The ironic aspect of this entire story is that yesterday my cousin sent me a comic strip about a mouse writer that allowed herself to get distracted all day long, never getting to the page.  Well, the time right now is 5:29; I have an hour and a half before I meet the neighbor for our walk.  I have a zillion and one things to do today.  I will get this done and not forget!!!

 

Argora and Vilenok

Sunlight streamed into her bedroom window.  The side of Argora’s bed remained empty.  She wrinkled her nose in distaste.  The days grew long with her husband away, especially when the family responsibility fell to her to attend a burial celebration by herself.

Scrambling out of bed, she dressed in her gardening clothes after washing her face.  Birdsong filled the air as she left out the front door.  She enjoyed walking in the quiet of the day while most people remained in bed.  Once outside of the neighborhood, she walked along a nice curving path which followed a stream.  Swallows fluttered around and a duck floated on the water. 

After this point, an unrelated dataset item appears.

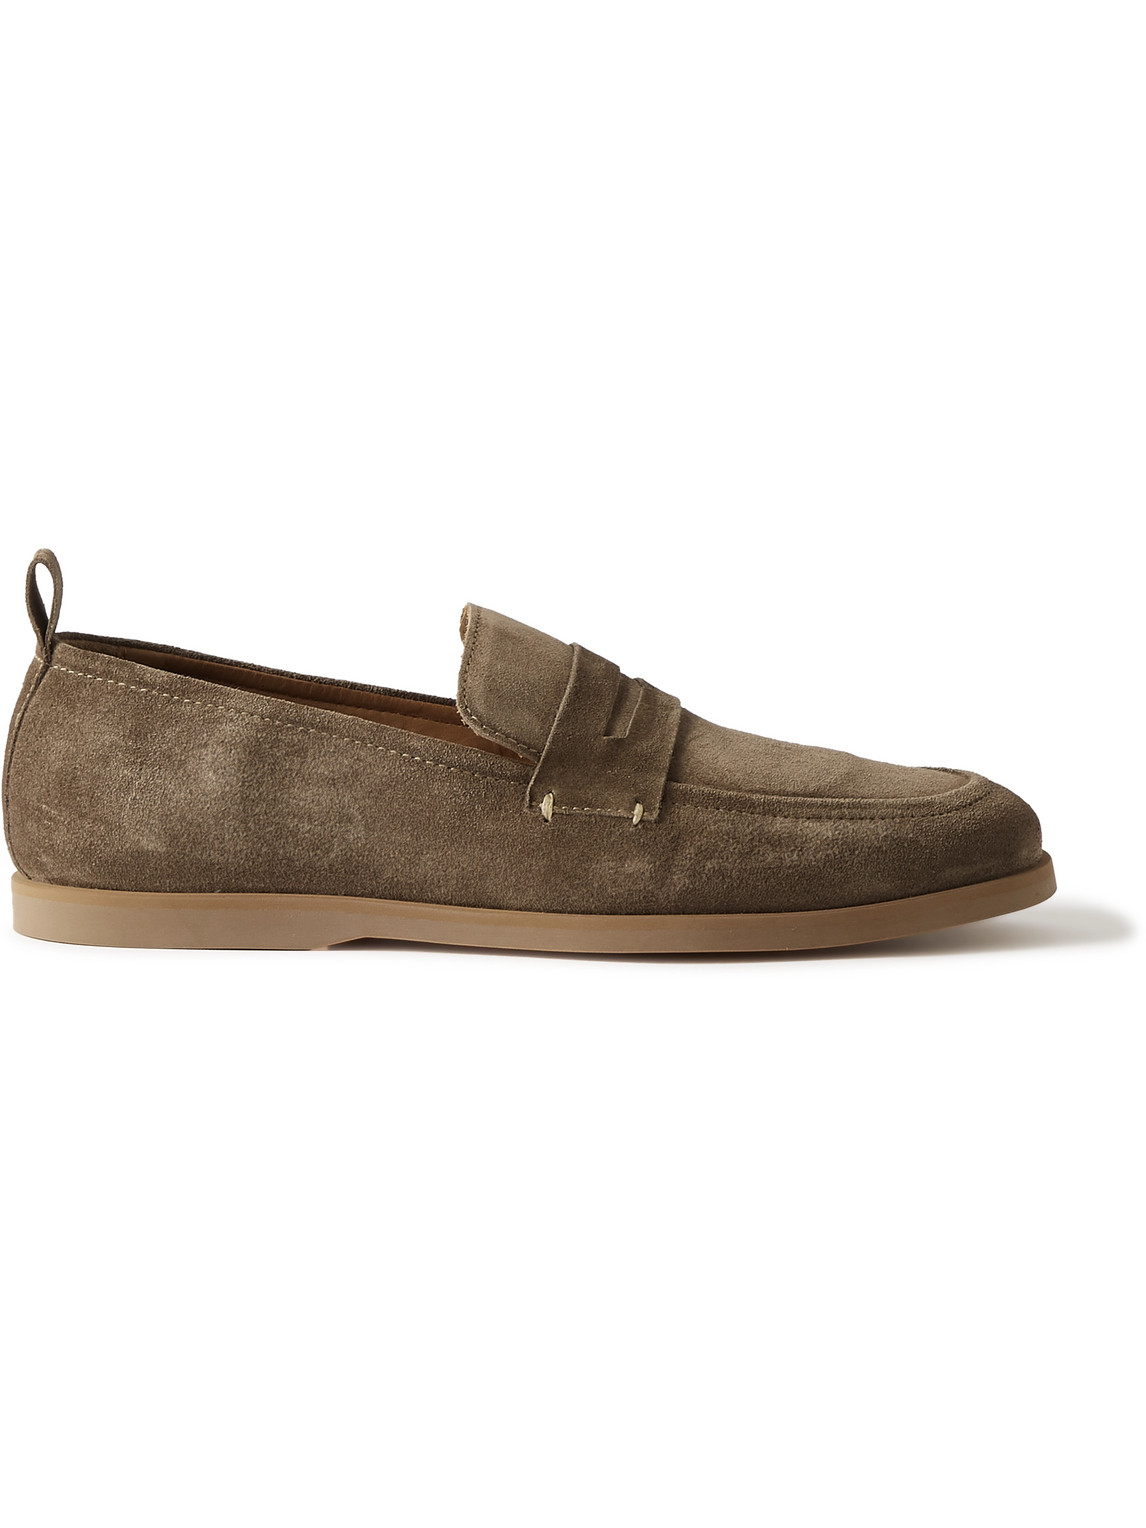 Mr P. Leo Suede Penny Loafers In Brown

Her thoughts tumbled around the coming events, the community’s farewell to a pleasant dwarf woman.  Argora thought of Kathina’s husband with no one to clean for him or make his dinners.  Their children still lived in the dwarf caverns, two days ride from their growing town.  She took a mental note to try to invite him to the family gatherings if he couldn’t make it back to his children.  The idea of him being alone, struck her heart like when a hammer missed the hot iron and bounced off the forge.

Turning around to head back home, she watched for wildflowers.  As she strolled along, she picked a variety of sunflowers and yellow columbine.  She left the red paint brush for a trip later in the week.  The yellow flowers would add some brightness to her bedroom while her husband worked the mining claim in the dwarf caverns.

As she finished up her walk, she thought of which outfit she wanted to wear.  At the last celebration she attended, the deceased requested to have their funeral more like the humans with everyone wearing black.  An ironic smile crossed her lips, her mood felt black. 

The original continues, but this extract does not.